My favourite map

This is my contribution to the Accretionary Wedge geoblog festival, number 43: My Favourite Geological Illustration. You can read all about it at In the Company of Plants and Rocks. 

I was struggling for inspiration on this latest Accretionary Wedge, but this was solved by Matt Hall’s post over at Agile Geoscience, where he talks about a map he produced as part of his degree. Geological maps have captured my imagination since a very early age. I’ve spend many an hour poring over the geological map of the British Isles (particularly the Northern sheet) but of course I had a modern copy, not the William Smith original.

I have hidden away somewhere a very similar undergraduate map to Matt’s but I won’t steal his idea outright. I have a bigger map produced as part of my PhD thesis somewhere as well, but instead I want to talk about someone else’s map.

My PhD field area was in Connemara in the west of Ireland, which is an extremely well-known piece of Geology. A fantastic detailed map was published in the 1990s but is based on decades of study by geologists from Glasgow University, Bernard Leake and Geoff Tanner. It is of course in copyright and for sale, but I include an impressionistic photo. I’m sure the Royal Irish Academy will not disapprove.

I’m tempted to rhapsodise at length at the Geology shown by this map, but I’ll be brief. It is a small area (top to bottom about 20km) but it contains such a lot! Such as: evidence of Precambrian glaciations; two overlapping phases of metamorphism, from greenschist to granulite; three major phases of folding; three suites of igneous intrusions, one syntectonic, two post; three tectonic terranes; two terrane boundaries, one a thrust the other an extensional detachment complete with syn-deformational sediments; some world famous marble.  Oh, and some sediments around the edge.

One of the greatest pleasures of my PhD research was meeting and disputing with Geoff Tanner and Bernard Leake, standing on the rocks themselves and referring to their fabulous map.

 

8 comments

    1. The dispute wasn’t around the map as such, more the relative ages of events. I studied the two green blobs towards the top of the map, relating them to the age of the folding. I said they were overlapping both D2 and D3, whereas Geoff Tanner had recently argued they were long after D2. Our discussions were always polite and constructive, indeed Bernard Leake was inclined to agree with me, as his original 1970s mapping of the green blobs in the south had suggested the same timing as I was.
      I’ve written about this in more detail here.

  1. What are the green blobs on the map? I went for a bit of stroll through that area recently, and I thought they where Amphibolites. Very interesting location, particularly Doorough Mountain. Thank you.
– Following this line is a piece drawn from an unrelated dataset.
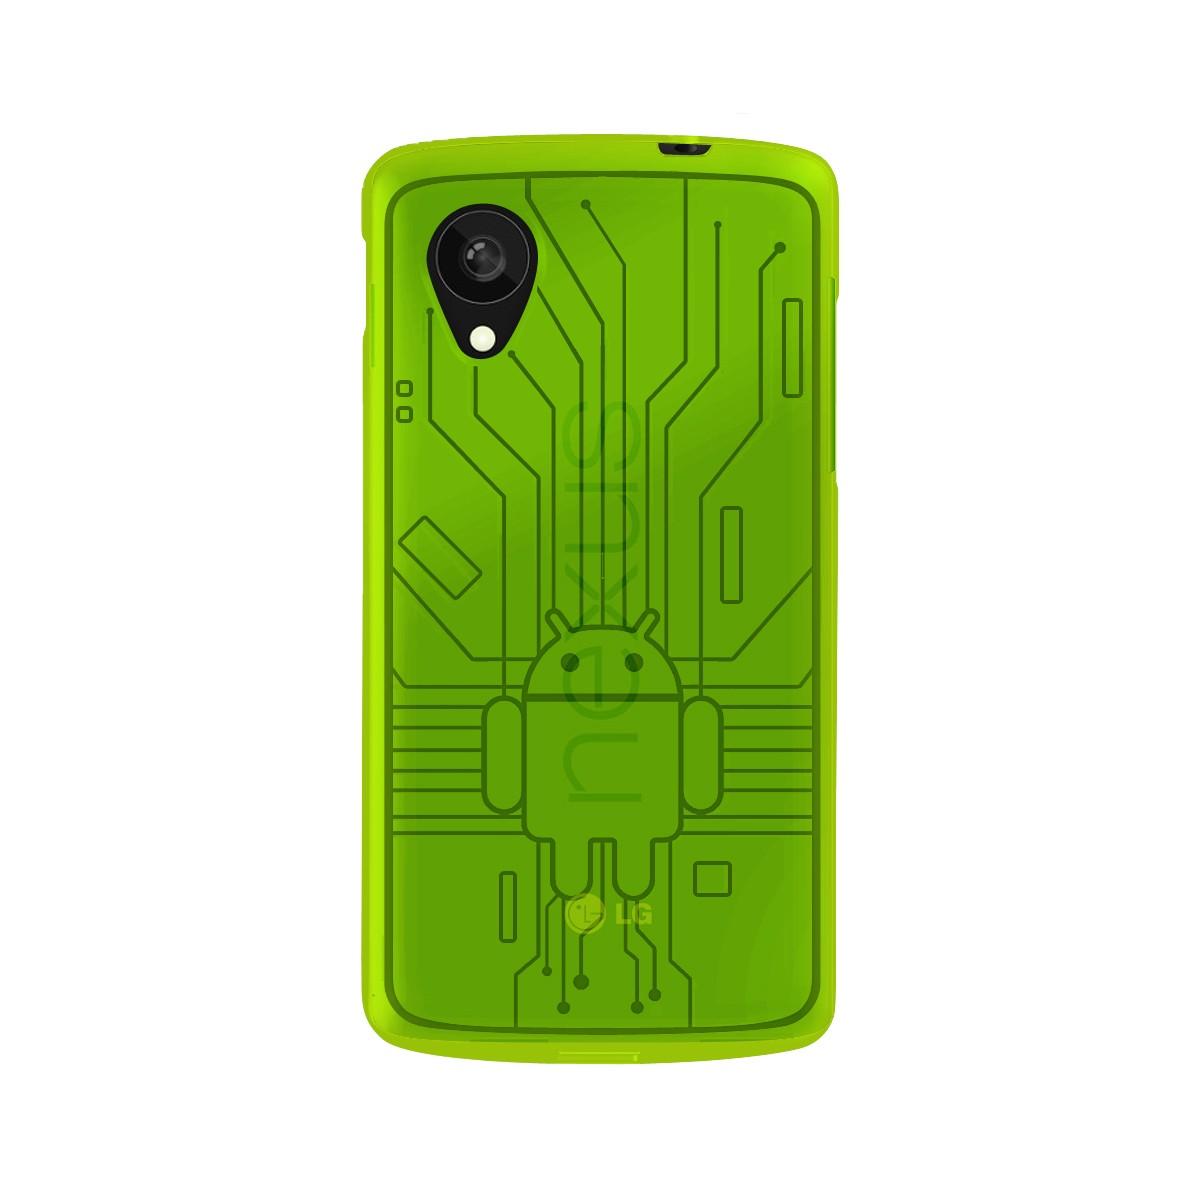 nexus5circuit-green_1
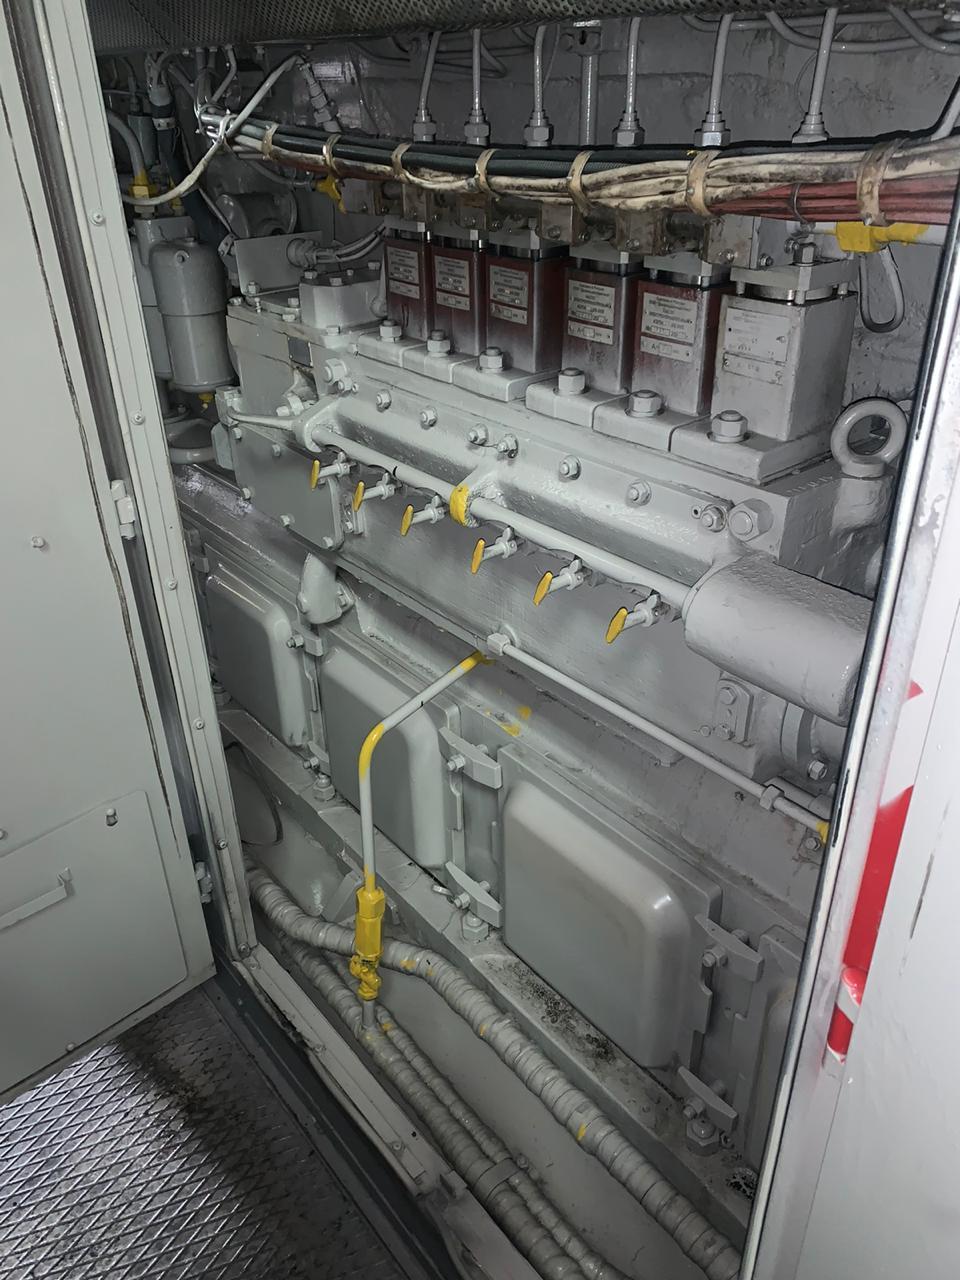 Тепловоз ТЭМ 18 после ремонта.

    1. Currywongaun (as it was spelt on the old maps I used) was my favourite – especially the banding near where the radio telescope was.
      The green blobs are mostly amphibolites, but in places the original gabbro minerals are still there (orthopyroxene and plagioclase). I studied the interaction with the surrounding rocks (which were being metamorphosed when the gabbro was intruded). Doorough is interesting as there is a lot of replacement of the gabbro by water and silica, leaving amphibolite with quartz in it. I never did any geochemistry on this, but somebody should….
      More here

  2. Thank you Metageologist for the reply, I may head up to Currywongaun to get a closer look. I saw some of those interesting textures on the south east slope of Doorough. Amphibole rich patches ‘floating’ in the gabbro. Looked somewhat like a restite to me, but I wasn’t sure. I ventured further west in and around Leterrfrack, and had very good weather and visibility, it seemed to me, as I like to draw a lot that Doorough was a structural apex in the area and the surrounding hinterland to the west may have been pulled in toward it. Im heading to Roundstone and the surrounding areas tomorrow. I think some geochem was done: http://jgs.lyellcollection.org/content/158/5/843/F1.large.jpg
    but I hope more is done too. Thanks again, all the best. Finn

  3. This is perhaps a strange question, but I was wondering if you knew of any places where this map is still in print? Love the site, it is always fun to encounter other geologists on the web as well as in the field.

    1. I’m glad you like the site, thanks.

      I think the map is available on Amazon (and no doubt other places). It comes packaged with a short guide book to the geology of the area and quite a few other maps of more detailed areas.